■ **Dataset extract**
::::::::
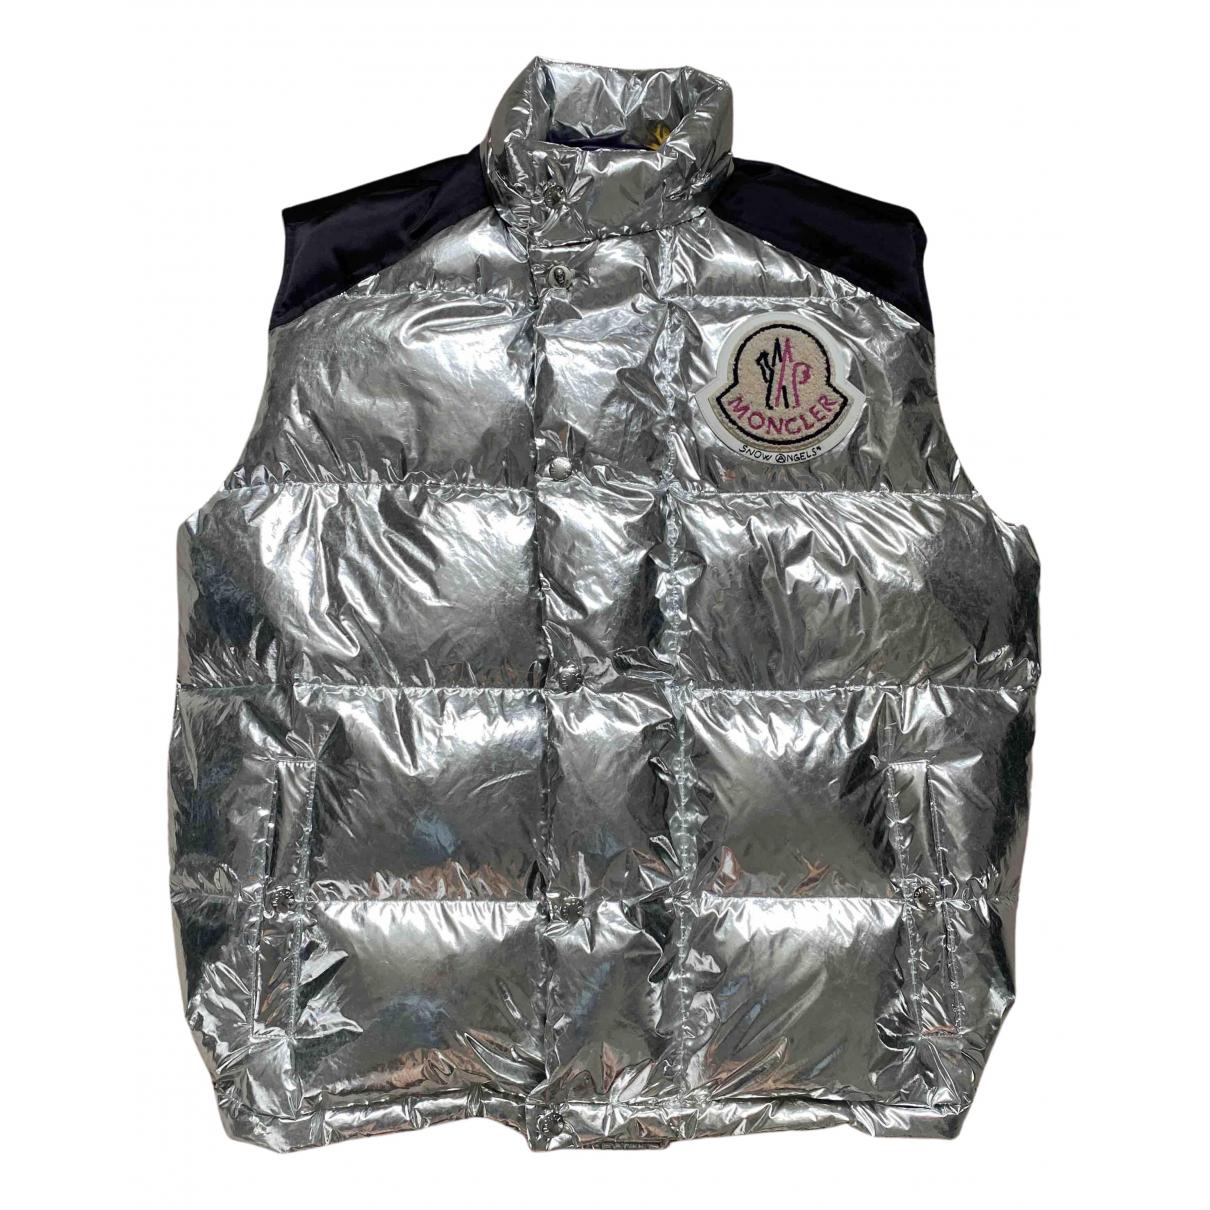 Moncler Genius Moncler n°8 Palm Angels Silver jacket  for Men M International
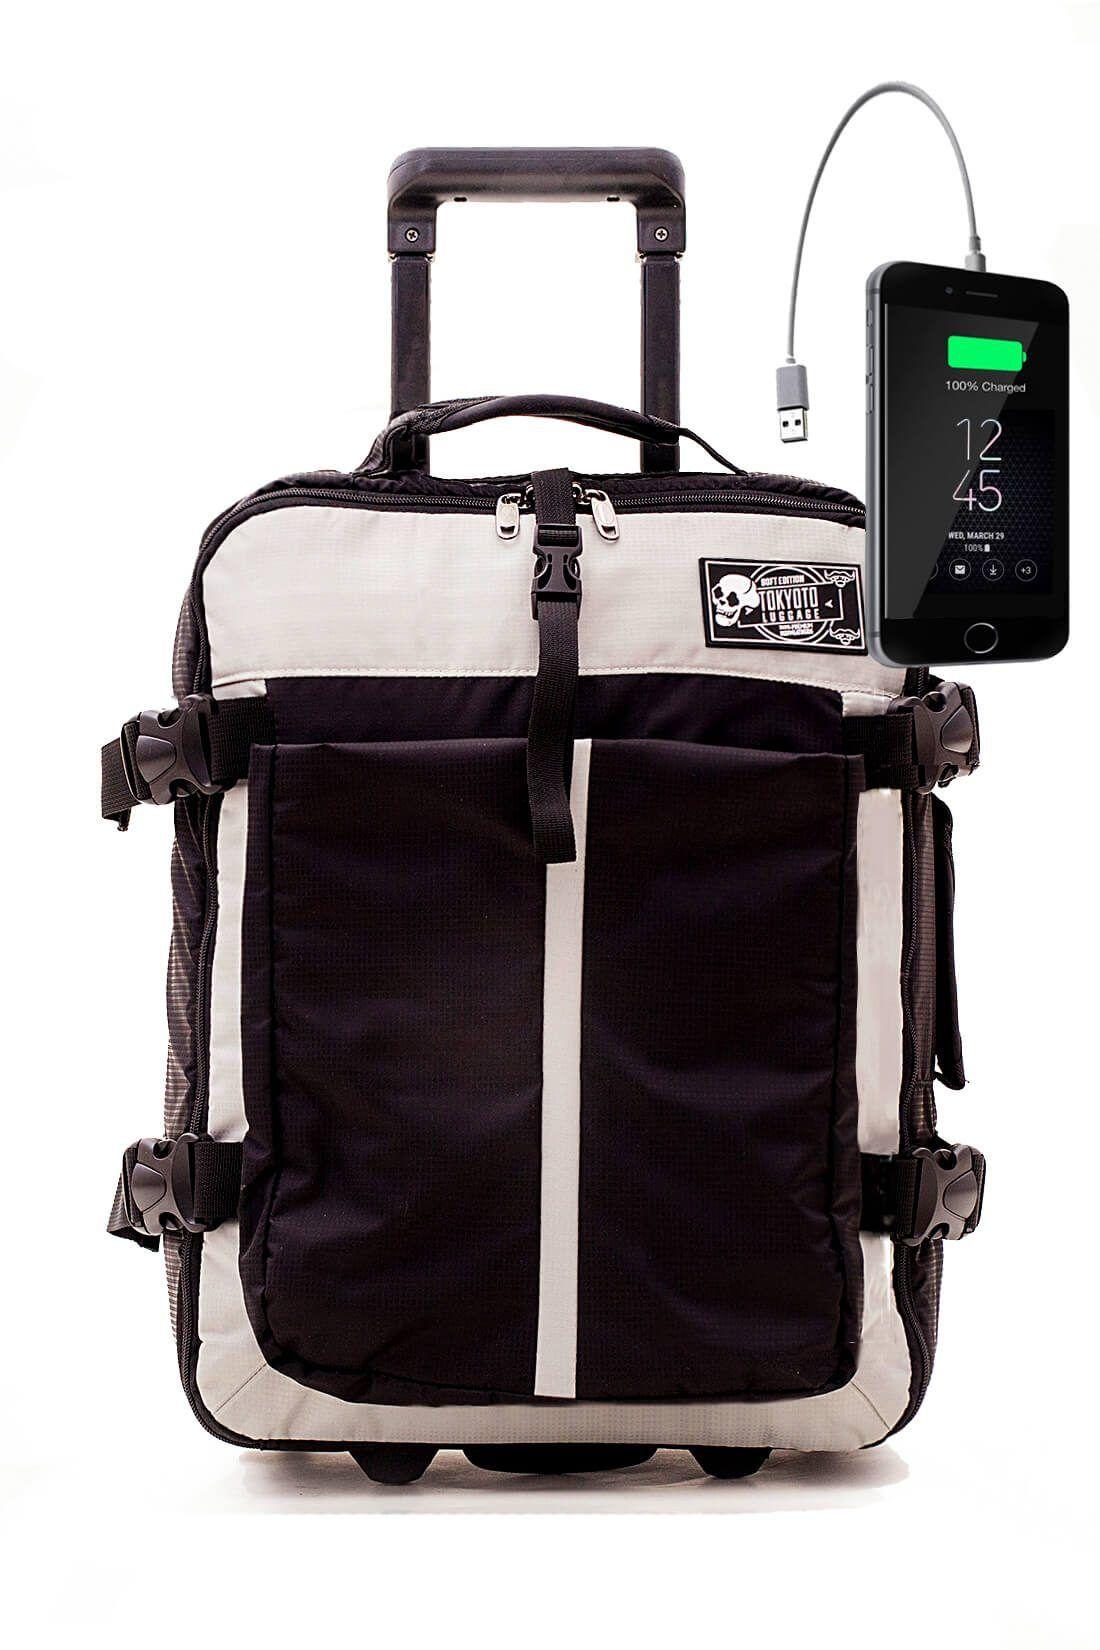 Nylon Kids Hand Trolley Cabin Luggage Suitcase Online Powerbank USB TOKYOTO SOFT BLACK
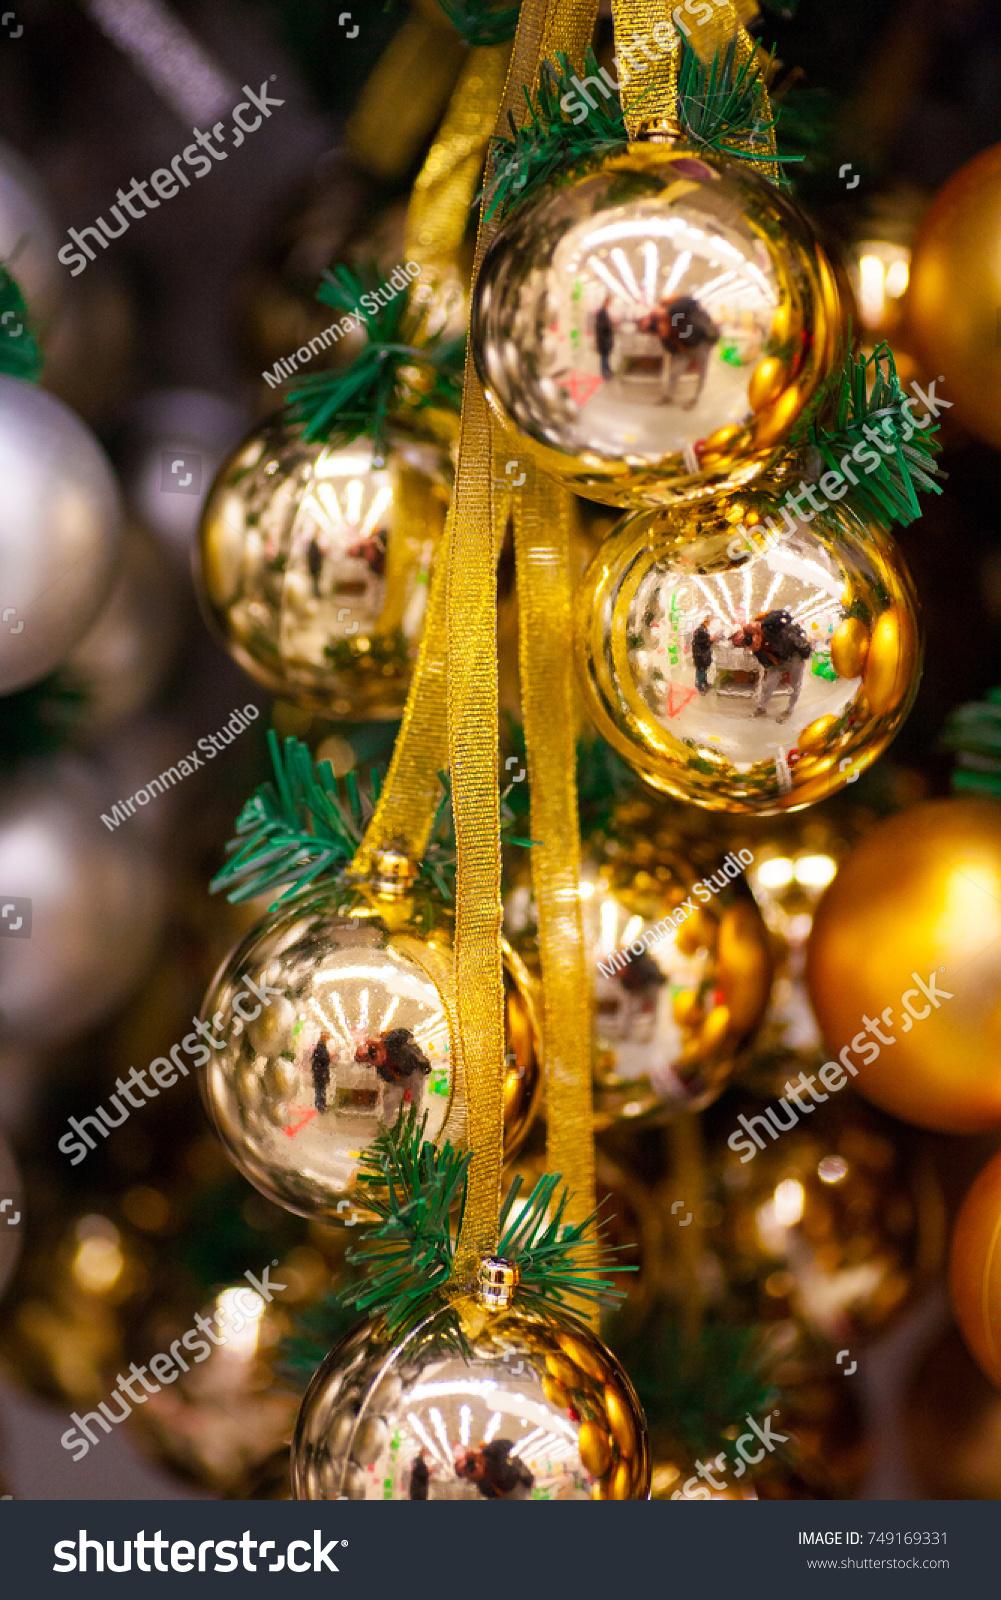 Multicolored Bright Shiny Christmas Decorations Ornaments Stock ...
::::::::
■ **Goal of the exercise**
All of the material above must be retyped exactly, line for line, with the images dropped.

■ **Answer space**
 Moncler Genius Moncler n°8 Palm Angels Silver jacket  for Men M International
 Nylon Kids Hand Trolley Cabin Luggage Suitcase Online Powerbank USB TOKYOTO SOFT BLACK
 Multicolored Bright Shiny Christmas Decorations Ornaments Stock ...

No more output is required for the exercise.